El barco permaneció durante siglos bajo arena y sedimentos. Esa cobertura natural conservó intacto el costado de estribor desde la quilla hasta la borda, algo inédito en este tipo de hallazgos. Gracias a eso, los arqueólogos encontraron restos del aparejo, el complejo sistema de cabos y poleas que permitía manejar la vela y estabilizar el mástil.

Castillos, cocina y vida cotidiana

Esta es la primera evidencia arqueológica clara de los castillos de popa de los cogs medievales, estructuras elevadas conocidas hasta ahora solo por ilustraciones. En Svælget 2 apareció una gran cantidad de madera correspondiente a uno de estos castillos, donde la tripulación podía resguardarse.

A eso se sumó otra sorpresa: una cocina construida con ladrillos, la más antigua hallada en aguas danesas. Se identificaron unos 200 ladrillos y 15 tejas, junto con ollas de bronce y cerámica.

“Esto habla de una comodidad y organización excepcionales a bordo. Los marineros podían disfrutar de comidas calientes similares a las que disfrutaban en tierra, en lugar de la comida seca y fría que antes dominaba la vida en el mar, afirma Otto Uldum.

Los objetos personales -peines, zapatos, rosarios- completaron la escena. “El marinero llevaba consigo su vida cotidiana al mar”, resumió el arqueólogo.

Paradójicamente, no apareció rastro del cargamento. Según los investigadores, la bodega no estaba cubierta, por lo que barriles o fardos habrían flotado tras el hundimiento.
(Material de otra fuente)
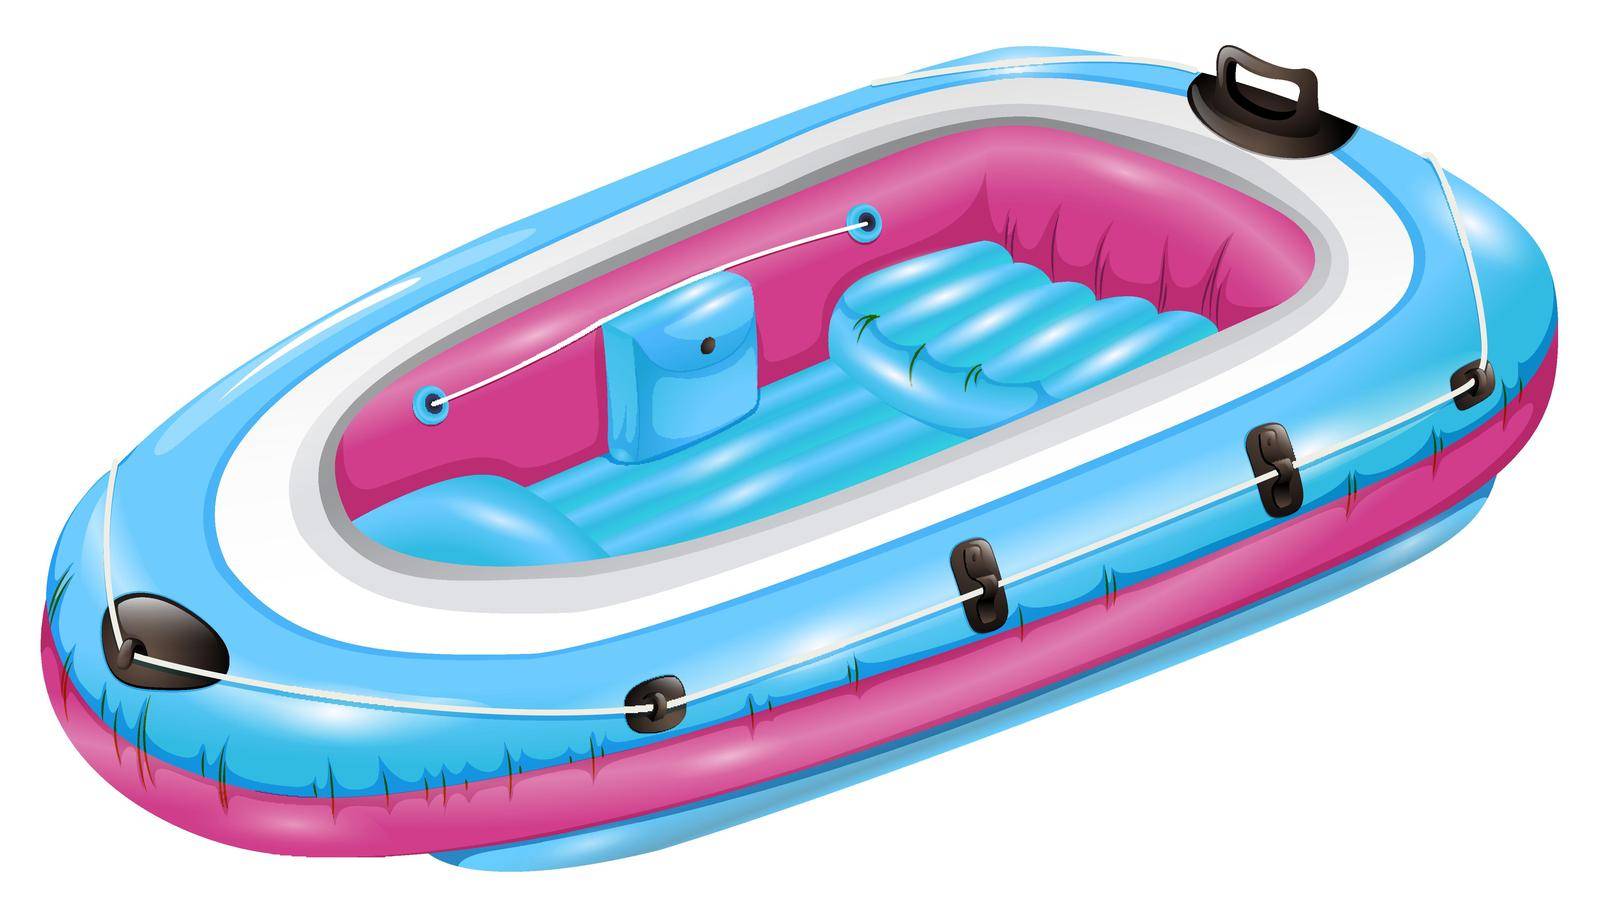 Blue and pink rubber boat on a white background
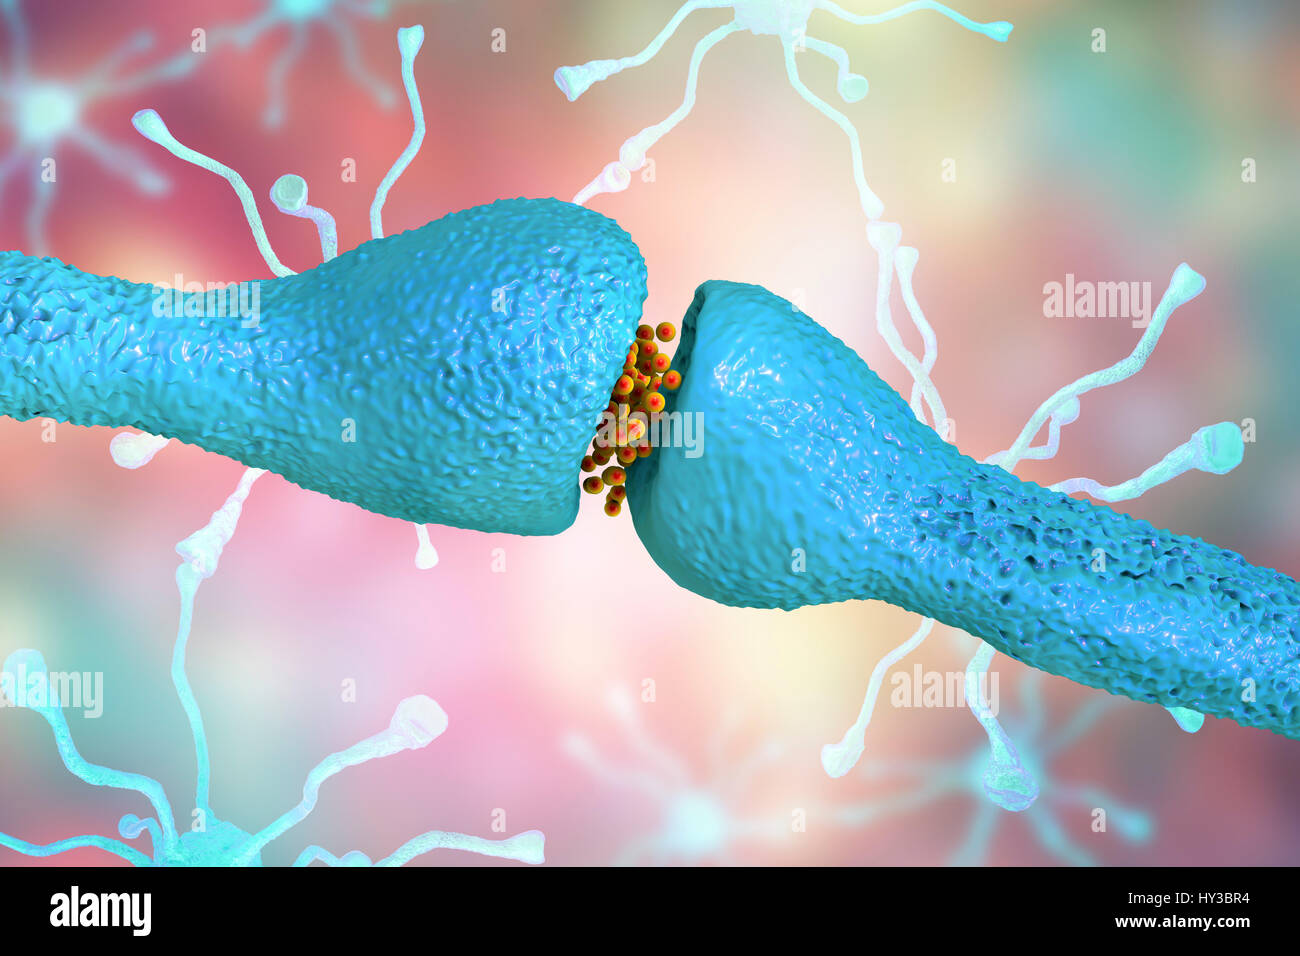 Nerve synapse. Computer illustration of a junction, or synapse, between two nerve cells (neurons). As the electrical signal reaches the presynaptic end of a neuron it triggers the release of neurotransmitters across the gap, or synaptic cleft, between the two cells. The neurotransmitters bind to receptors on the postsynaptic membrane, changing the membrane's excitability and triggering an electrical impulse. Stock Photo

La ausencia de lastre indicó que el barco navegaba completamente cargado. No hubo señales de uso militar ni de conflicto.

Más allá de lo que transportó, Svælget 2 funciona como un espejo de su tiempo. “Estos barcos solo fueron posibles en sociedades capaces de financiarlos y sostener redes comerciales complejas”, afirmó Uldum.